К ней же всё летели орхидеи, магнолии, лакфиоли, примулы, гортензии, астры, гелиотропы, алоэ, маргаритки — словом, все цветы мира падали к ее замшевым белым туфелькам.

Пока я вертел да раздумывал, она мне послала:

«Что ж ты, молодец, не весел?

Что ж ты голову повесил?»

Я мог бы ей, конечно, ответить:

«Мне грустно, потому что весело тебе»,

или:

«Не искушай меня без нужды»,

или же наконец:

«Зачем ты, безумная, губишь

Того, кто увлекся тобой?»

Но я плюнул на все тонкости и послал:

«Позвольте Вас проводить?»

Она прочла, засмеялась и ответила:

«Что будет завтра говорить

Княгиня Марья Алексевна?»

Отодвинули стол, и Вера ушла танцевать с Виктором, да с ним и села, потом к ним подошла Людка с высоким красивым моряком в форме и с кортиком, и они весело заговорили вчетвером. Потом Люда и моряк ушли, и они снова остались вдвоем. Все орал и орал патефон. Я посидел, поулыбался — все были заняты своим, и никто на мою улыбочку не обращал внимания — да и пошел бродить.

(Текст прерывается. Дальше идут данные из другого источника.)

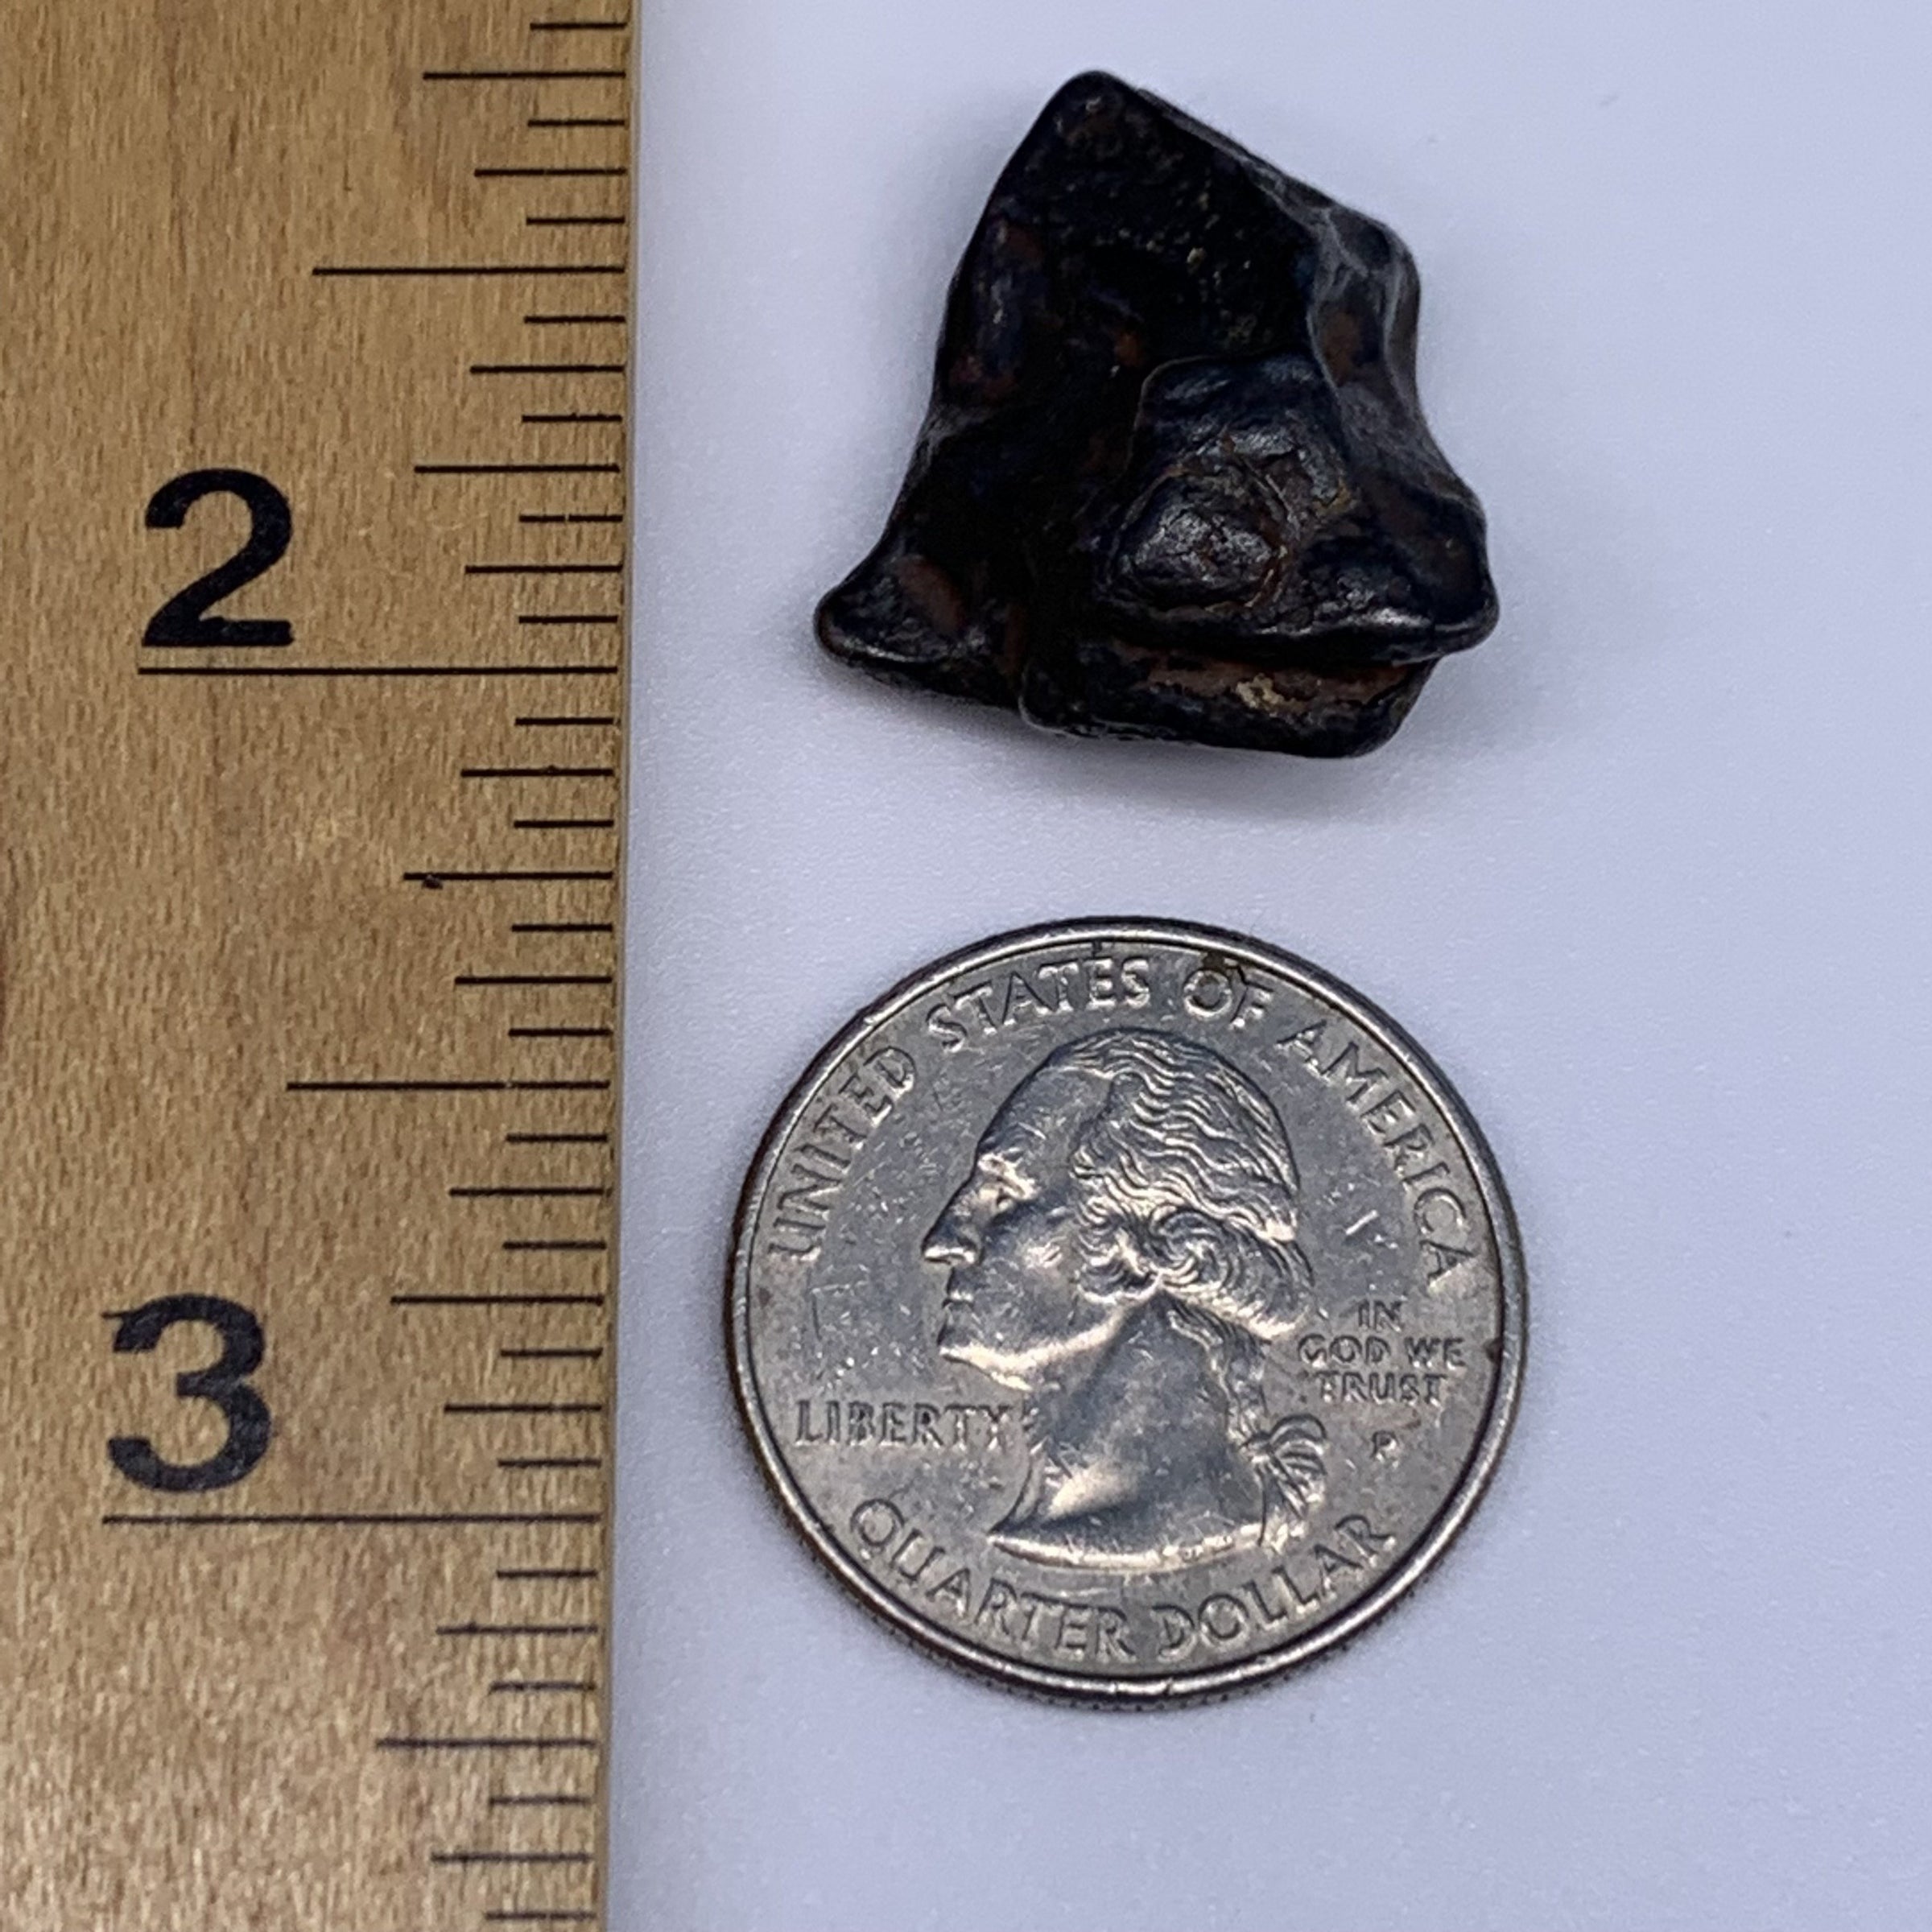 Agoudal Imilchil Meteorite 14.7 grams 16-Moldavite Life

Квартира Садовских была большая (с барский особняк), гулкая и совершенно пустая, только в кухне, за длинным и темным коридором, сидели две старушки и пили чай с красным и желтым сахаром, горела синяя лампадка, в углу шумел белый самовар в медалях да капала на дно раковины вода, было тихо, полутемно и спокойно-спокойно, — я вошел и остановился у притолоки, отдыхая от пьяного чада, патефонного визга, топота каблуков и липких стаканов.

— Ай головка болит, батюшка? — заботливо спросила Людина няня и сунула мне соленый огурец. С ним я и пошел сначала по коридору, а потом по пустым комнатам, пока не наскочил на Людку. Она мигом соскочила с дивана и, как кошка, прыгнула ко мне.

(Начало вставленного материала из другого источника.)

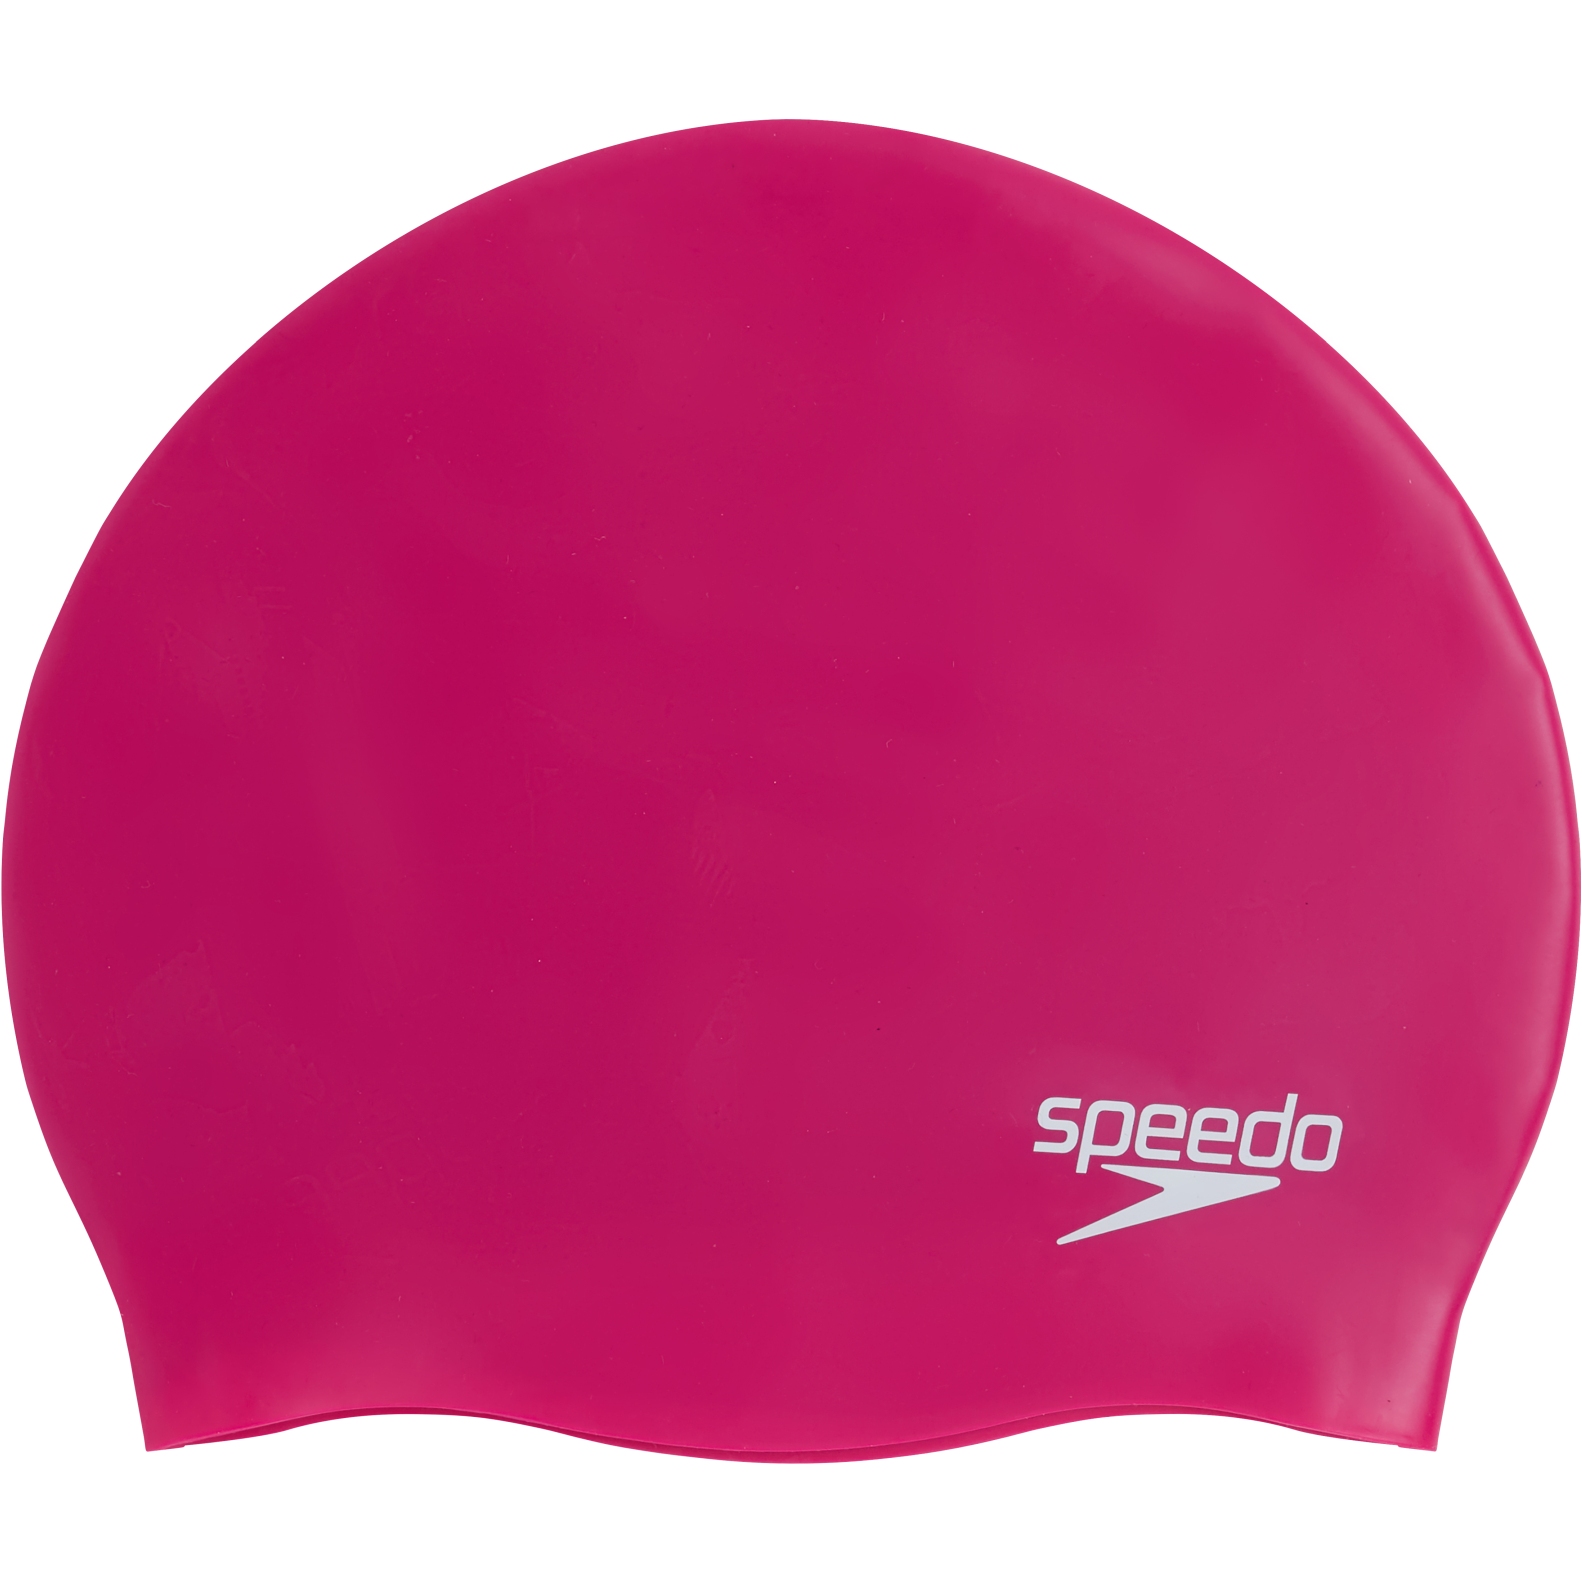 Productfoto van Speedo Plain Moulded Silicone Badmuts - electric pink

— Что ж ты зеваешь? — крикнула она. — А что там делается, знаешь? Верка-то в тебя втюрилась!

Я только попятился.

— Ух ты, чудище обло! — Она счастливо засмеялась. — Ведь вот история! Такая недотрога — и сразу же упала, ну иди, иди к ней! Хотя постой…

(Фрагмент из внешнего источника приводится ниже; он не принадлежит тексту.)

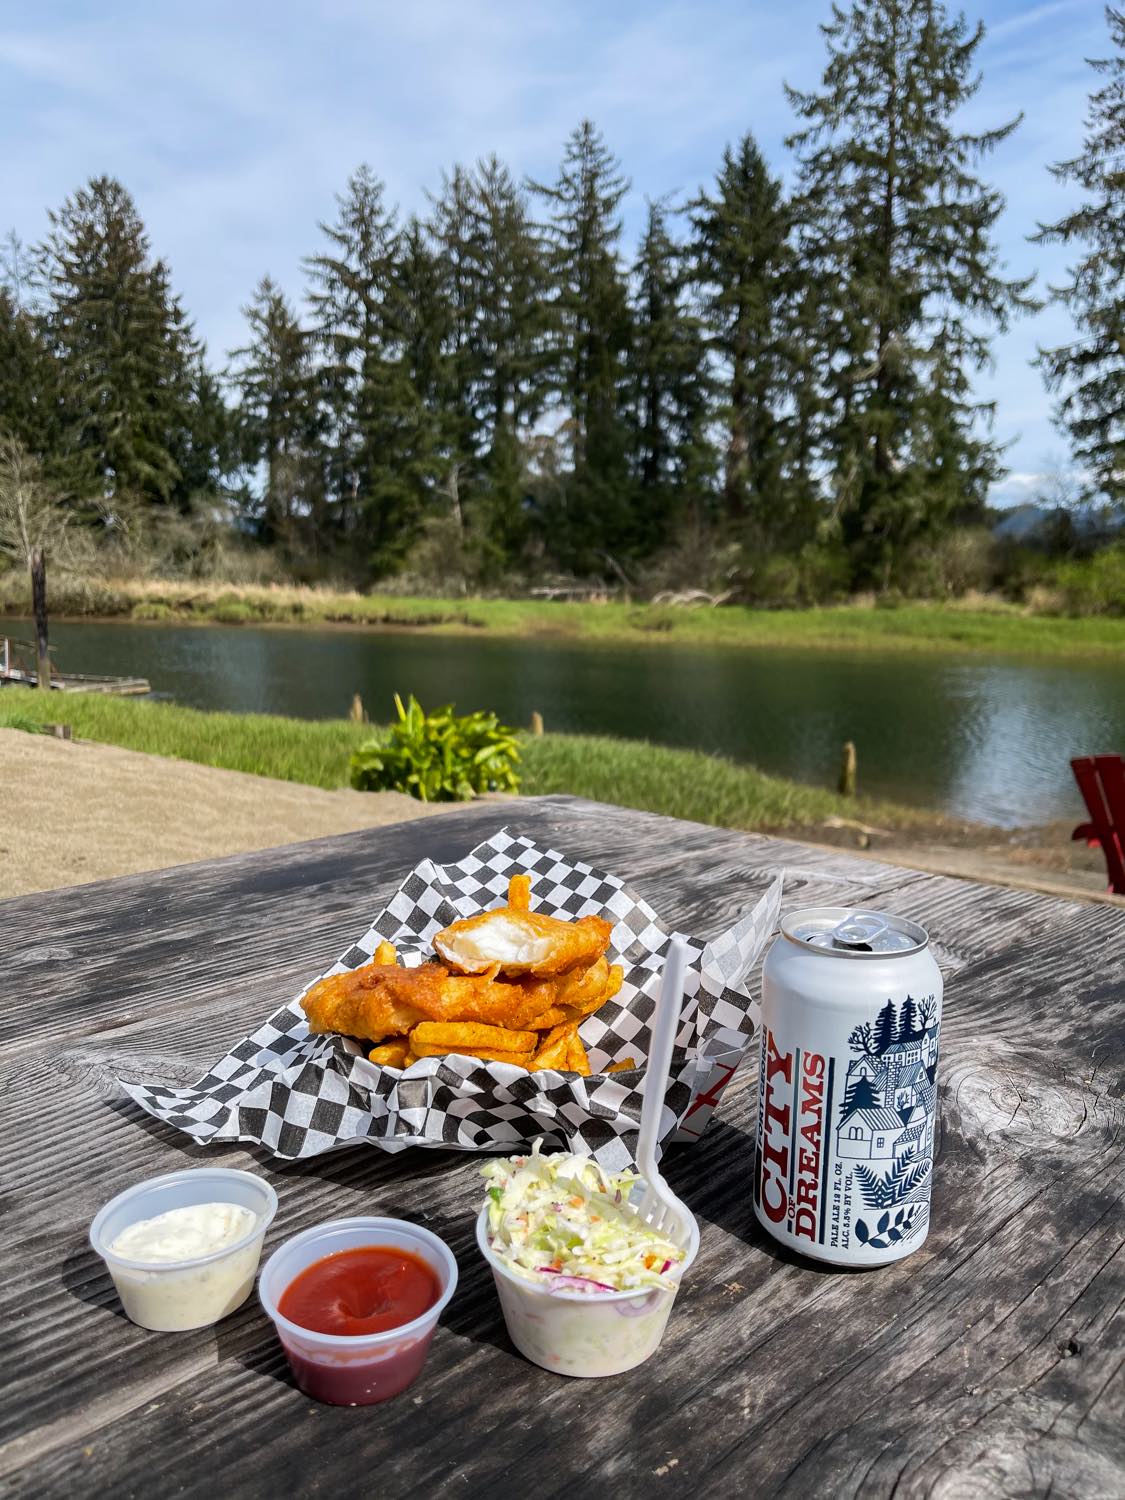 Simply Stellar! Riverside Fish & Chips Nehalem Oregon on the Oregon Coast This is Culinary Treasure

Она зажгла свет (на софе, нога на ногу, показывая свой великолепный клеш, сидел моряк) и подвела меня к туалетному столику.

— Не вертись! — строго приказала она, схватила флакон, открыла его и начала прикладывать к моему пиджаку, потом поправила мне воротничок, схватила расческу, провела раз-два по волосам, посмотрела и похвалила: «От теперь порядок!» Моряк, улыбаясь, смотрел на нас. Она обняла меня за плечи, повернула и спросила:

— Ну, хороший у меня братишка?

— Блеск! — ответил моряк. — Ты бы ему ключ…

— Знаю! — отрезала она и сунула мне в руки ключ. — Это от соседней комнаты, понял? Смотри не прошляпь!

В столовой было еще порядком народу, но все разбрелись и кто где.

Вера сидела под осыпающейся елкой, держала ее за ветку и слушала Виктора. Оба улыбались. В голове у меня шумело, в руках был ключ, я смело подошел к Виктору и сказал:

— А вас там сестра ищет.

Он поднял на меня медленные желтые глаза с поволокой и спросил:

— А зачем, не знаете?

— Что-то там, в последней комнате, с контактами, — соврал я.